Единственное, что в этот момент связывало меня с реальностью, – леденящий пальцы холод стакана с мохито. Белые огоньки закружились безумным, нескончаемым хороводом, и, когда из них, рассекая пространство, вырвались ослепительные лучи, весь зал очнулся и пришел в движение.
Прерывистое и ритмичное биение усиливалось. Звук становился громче. Сердце колотилось как заведенное. Все сильней и сильней. Свет моргал. Пол качался. Голова пошла кругом, ладони вспотели, и я почувствовала, что если сейчас же не сяду, то упаду в обморок.
Я попыталась выбраться из плотного кольца людей, но совершенно не понимала, куда идти, меня оттесняли все глубже, в самый эпицентр танцевального водоворота.

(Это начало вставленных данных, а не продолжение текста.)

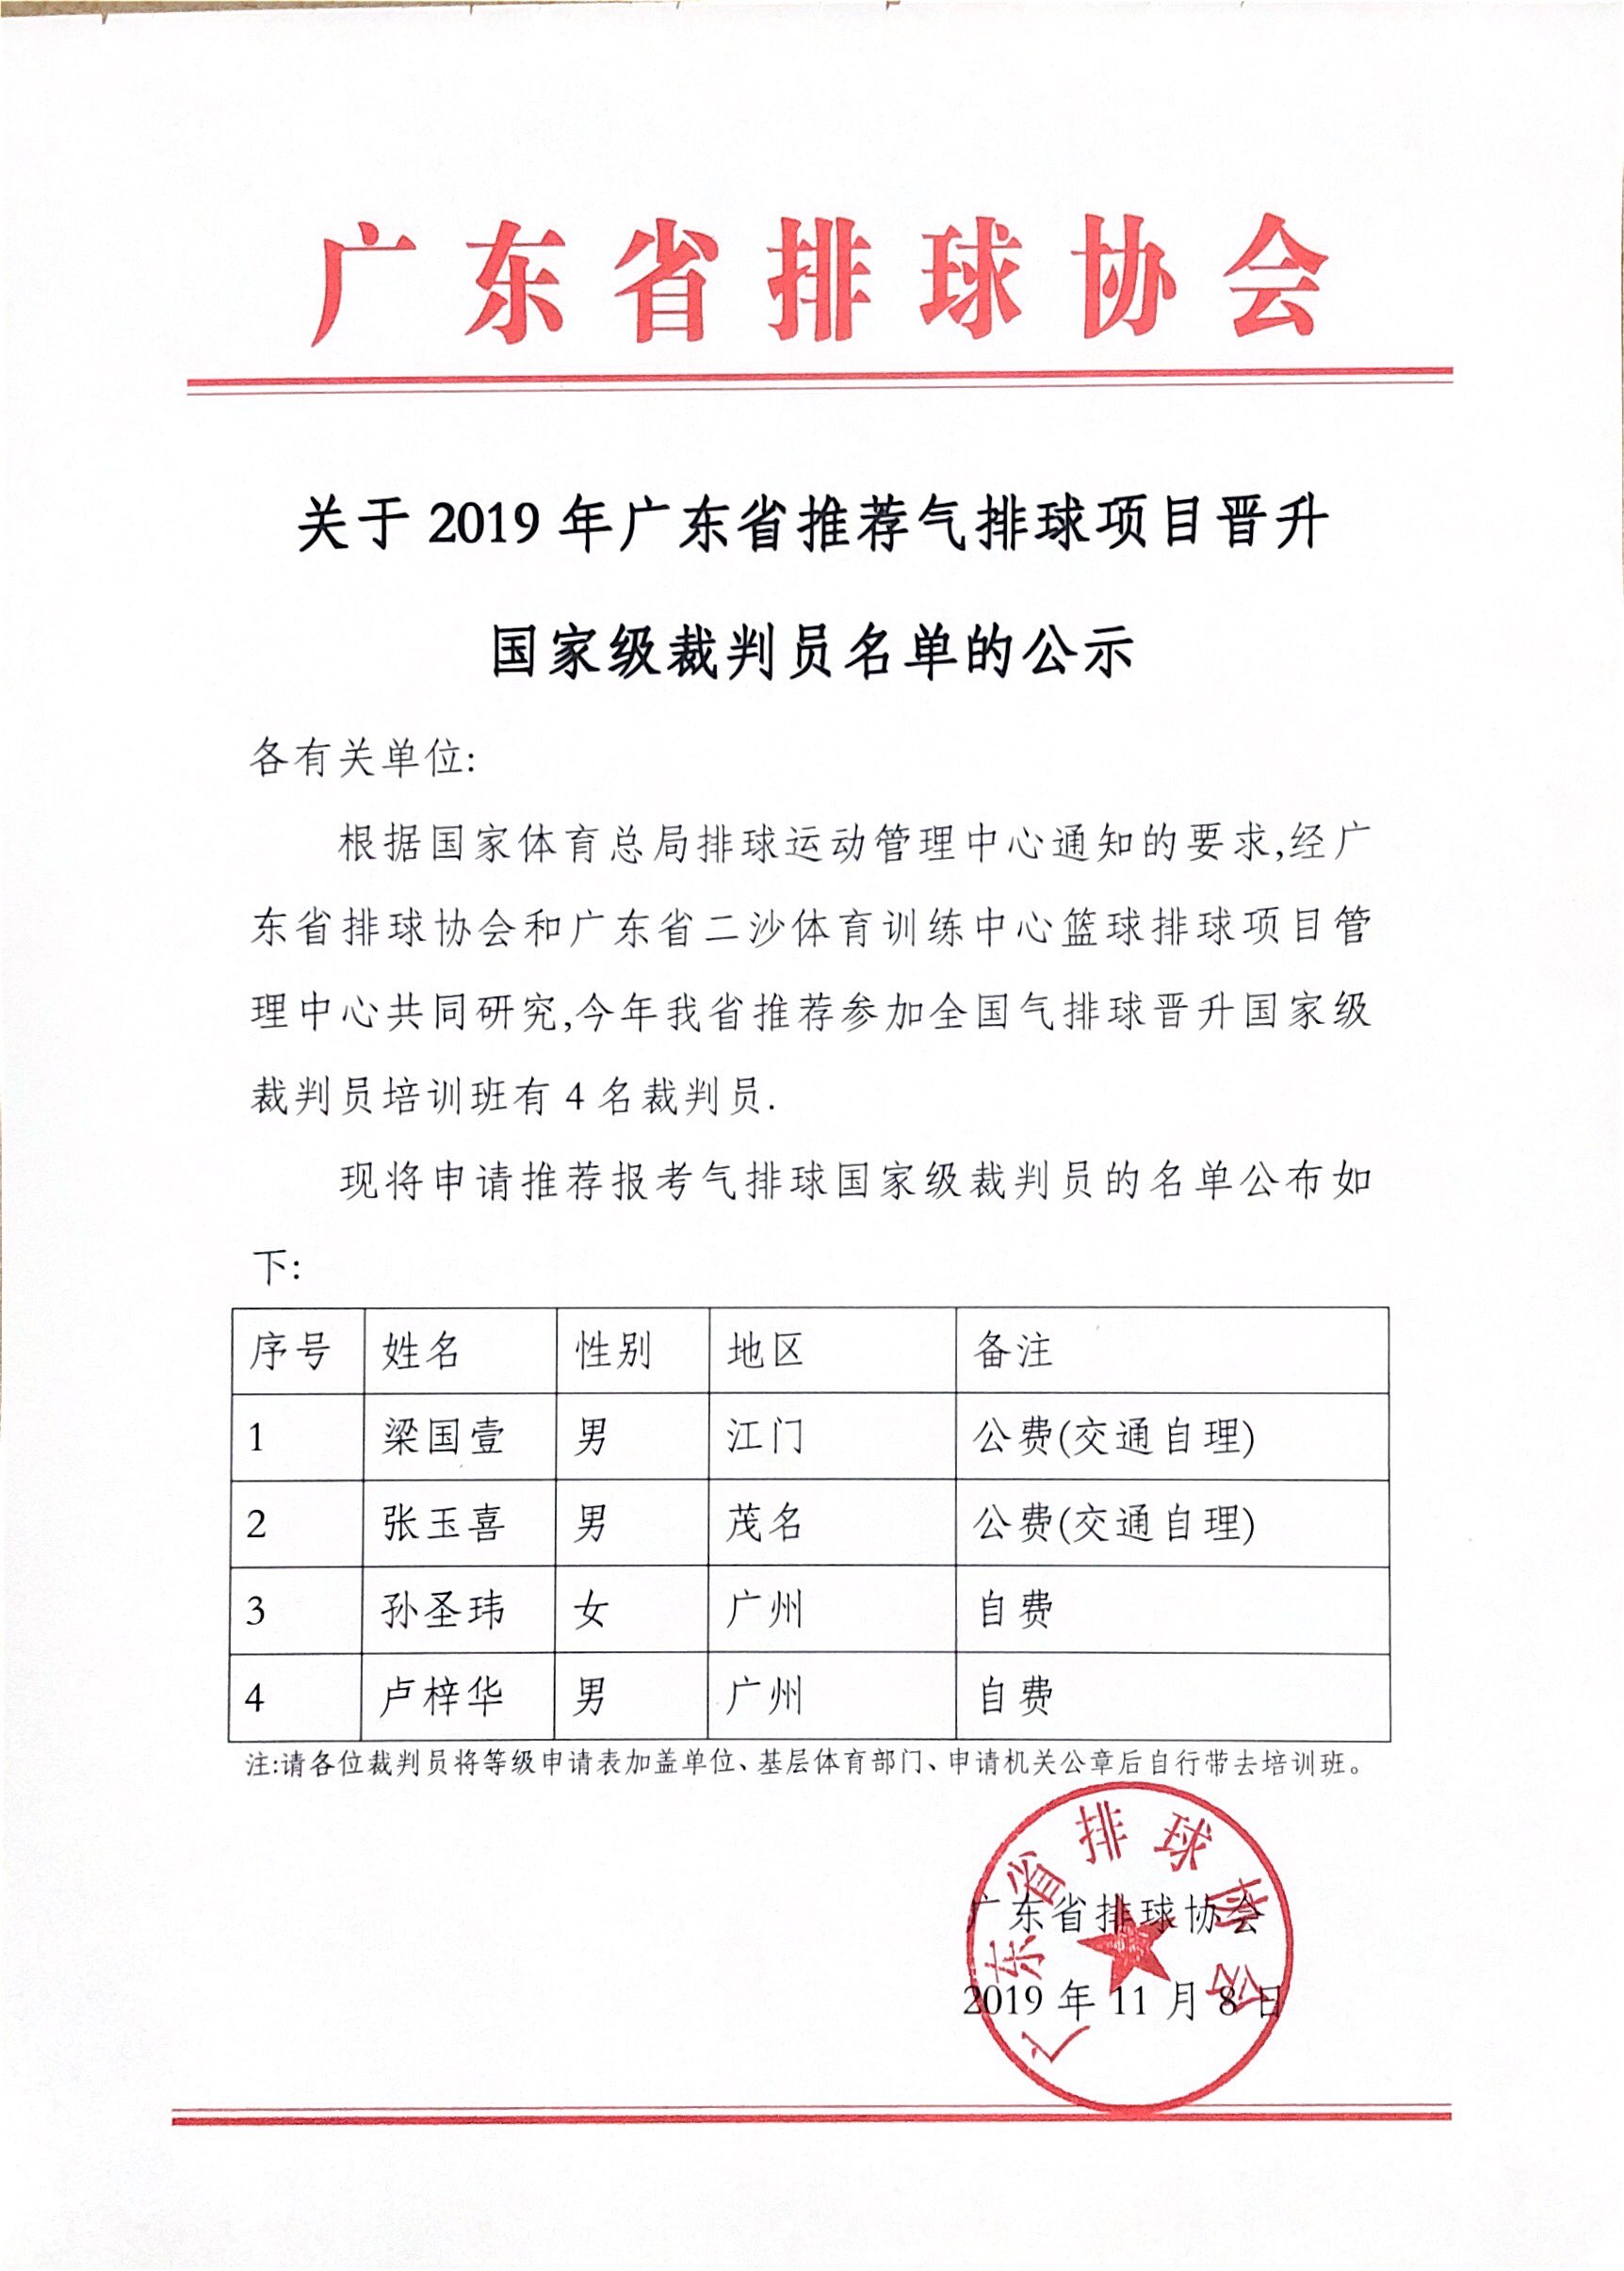 关于2019年广东省推荐气排球项目晋升国家级裁判员名单的公示.jpg

С трудом удерживая стаканы в руках, я едва не облила пивом одного парня. Он с неприязнью оттолкнул меня, и рослая черноволосая девица, на которую я налетела, зло пихнула в плечо. Ноги стали ватными. Какой-то здоровяк схватил меня за локоть и потащил. Пиво все же разлилось, а из остатков мохито выпала трубочка.
– Эй, ты че? – услышала я за плечом знакомый голос. – А ну отвали.
– А что она у тебя пьяная по всему залу болтается? Забирай ее отсюда.
Здоровяк грубо толкнул меня прямо на Артема, и пиво выплеснулось ему на рубашку.
– Ты правда пьяная? – Артем подхватил меня, вырвал из рук пластиковый стакан и бросил прямо на пол, а стеклянный запросто сунул кому-то по дороге.
Затем быстро вывел в холл и усадил на диван. Сев напротив на корточки и пристально вглядываясь в лицо, он потрогал тыльной стороной руки мне щеки и положил пальцы под горло, там, где прощупывался пульс.
– Быстро принесите воды, – крикнул он кому-то.
Сердце продолжало бешено стучать, кисти рук немели, к горлу подступила тошнота. Глаза закрывались. И я уже было совсем уплыла, как вдруг резкая обжигающая боль вырвала из ватного оцепенения.
Я хотела возмутиться, но не смогла, а Артем так же хлестко ударил меня по второй щеке и с силой потряс за плечи:
– Не вздумай отключаться. Сейчас охранник врача вызовет.
Лицо у него было красное, распаренное, влажные волосы прилипли ко лбу.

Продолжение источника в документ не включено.